I understand your point of view and I do realize that aquarium keeping is a hobby. Like all hobbies, aquariums can get expensive. I guess my approach to this hobby is to keep it as cheap as possible. Maybe you are one of those guys that buy a Corvette when they want a fast car. I'm the guy who buys a used Impreza STI, modifies it and takes pleasure out of the fact that I now have an equally fast or faster car for a lot less money. The Corvette may last longer, but my goal wasn't to have a long lasting car to begin with. If I end up having to buy the Corvette, then so be it. I am not trying to cause problems or be rude either, but are you also admonishing everyone who has done a DIY project? Yeah, they could've bought the real deal, but instead they decided to save a few bucks and learn something new at the same time.

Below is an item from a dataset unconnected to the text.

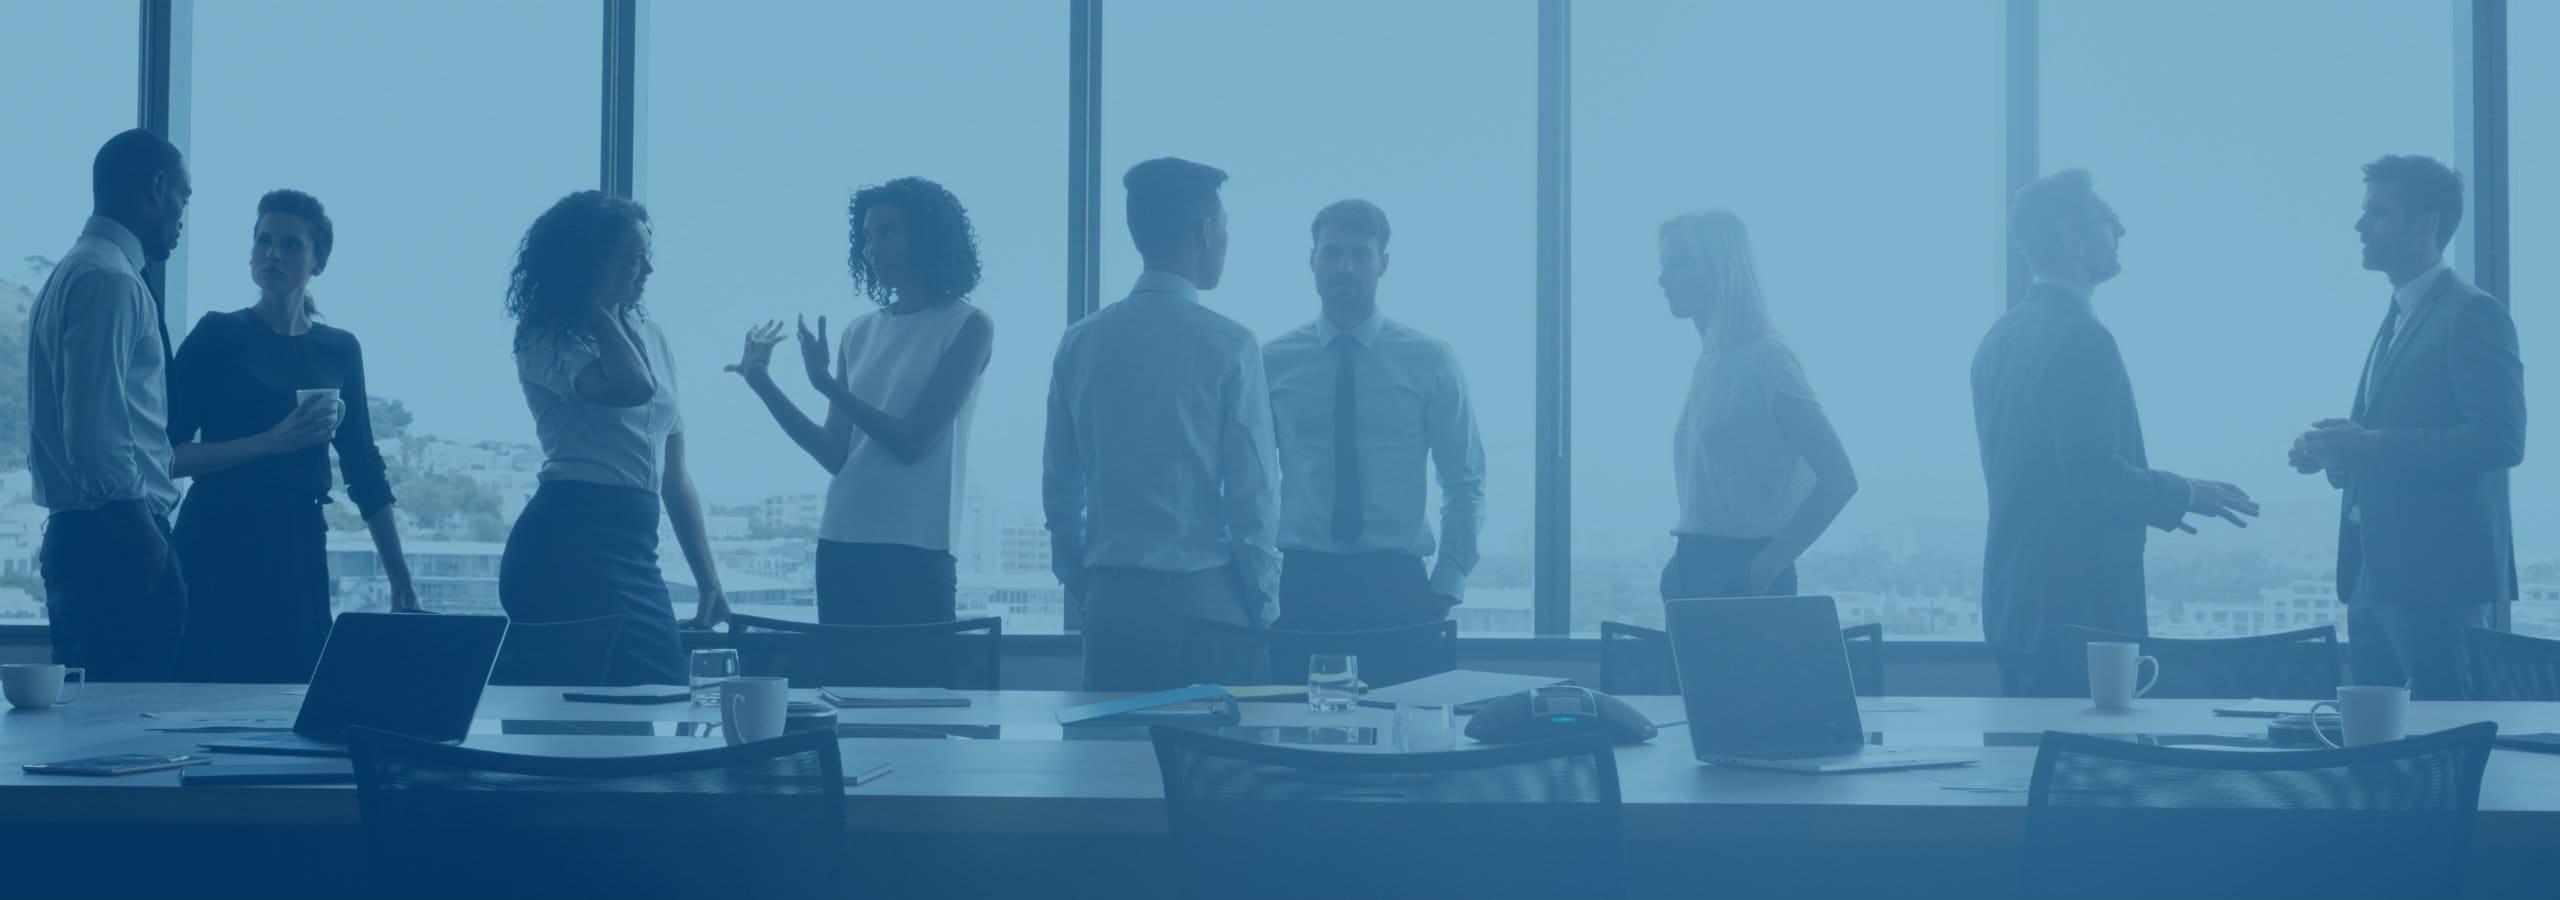 Partnere i Senior Management Worldwide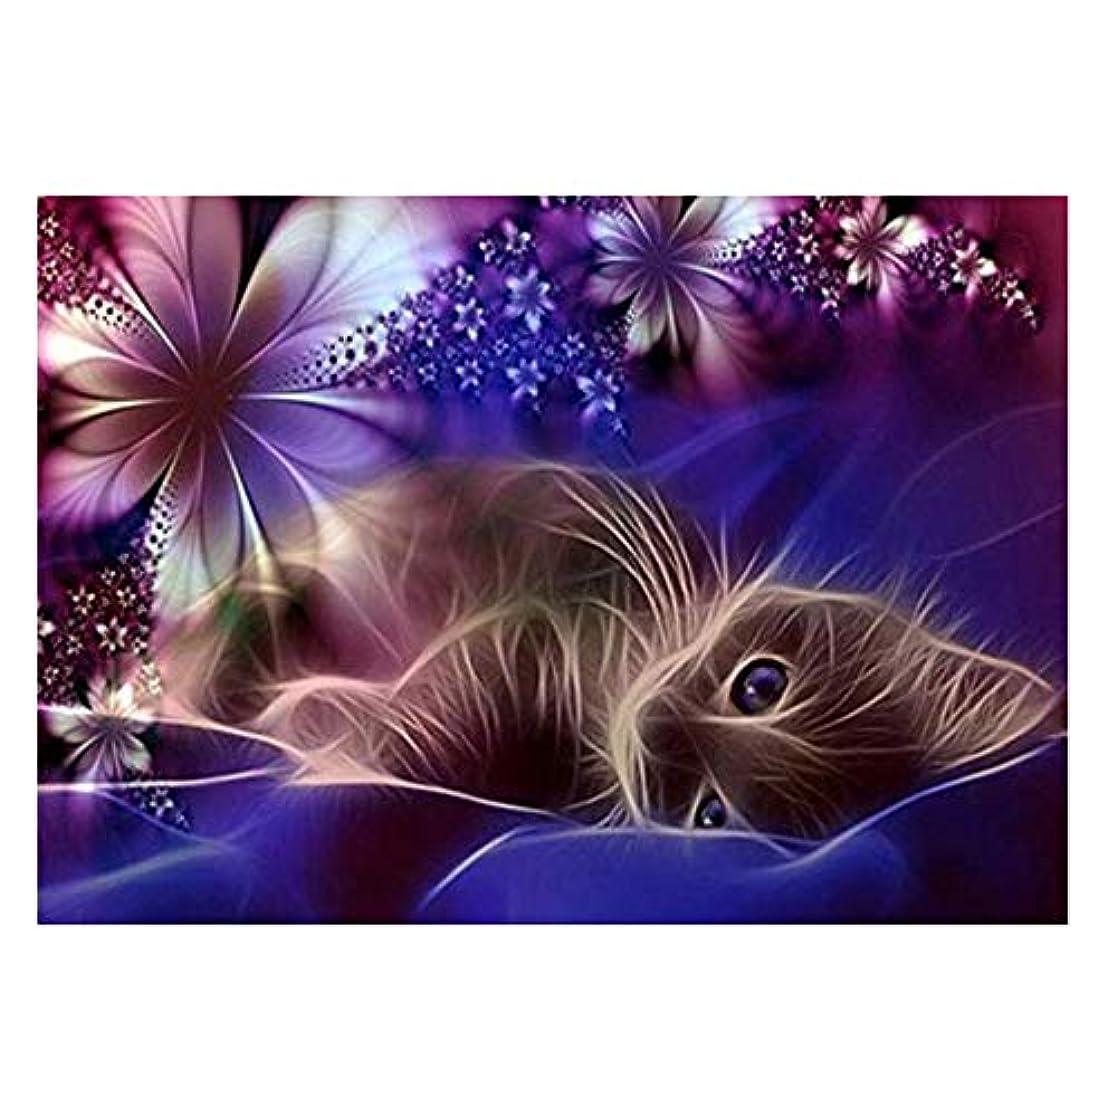 抗議メイエラ寺院5D 手作りダイヤモンド絵画?30×40cmかわいい猫5Dダイヤモンドペインティングるまインテリア プレゼント ホーム レストラン 壁掛け 装飾 (マルチカラー)

Consider it as another way for me to enjoy the hobby by taking the cheaper route, as it requires more effort to find compatible fish. In my research, I've found that there are at least several fish common to tropical fish stores that do well in cold water as well, such as the multitude of species listed here: What Fish Species are Coldwater?. My whole problem is that I am a relative newbie that doesn't know which "tropicals" are compatible with other "tropicals," as well as what combination would best suit my tank. It is _MY_ guess that if I choose my fish wisely I will have no fish loss associated with temperature issues due to the lack of a heater, and even the "small amount" of heater operational cost can add up to a large amount over time.



> you are right its too cold now, the fish well I shouldnt say that, I had a bluegill till yesterday when I went ice fishing, he was consumed immediately by a bass I have in a 500g QT tank at work. It did survive the gill freeze associated with cold weather as well as the transport in literally sub-zero temps.
> 
> 
> Good Luck but if you need native advice please PM me, I handle over 30K gallons of warm and cold water native goodness at work.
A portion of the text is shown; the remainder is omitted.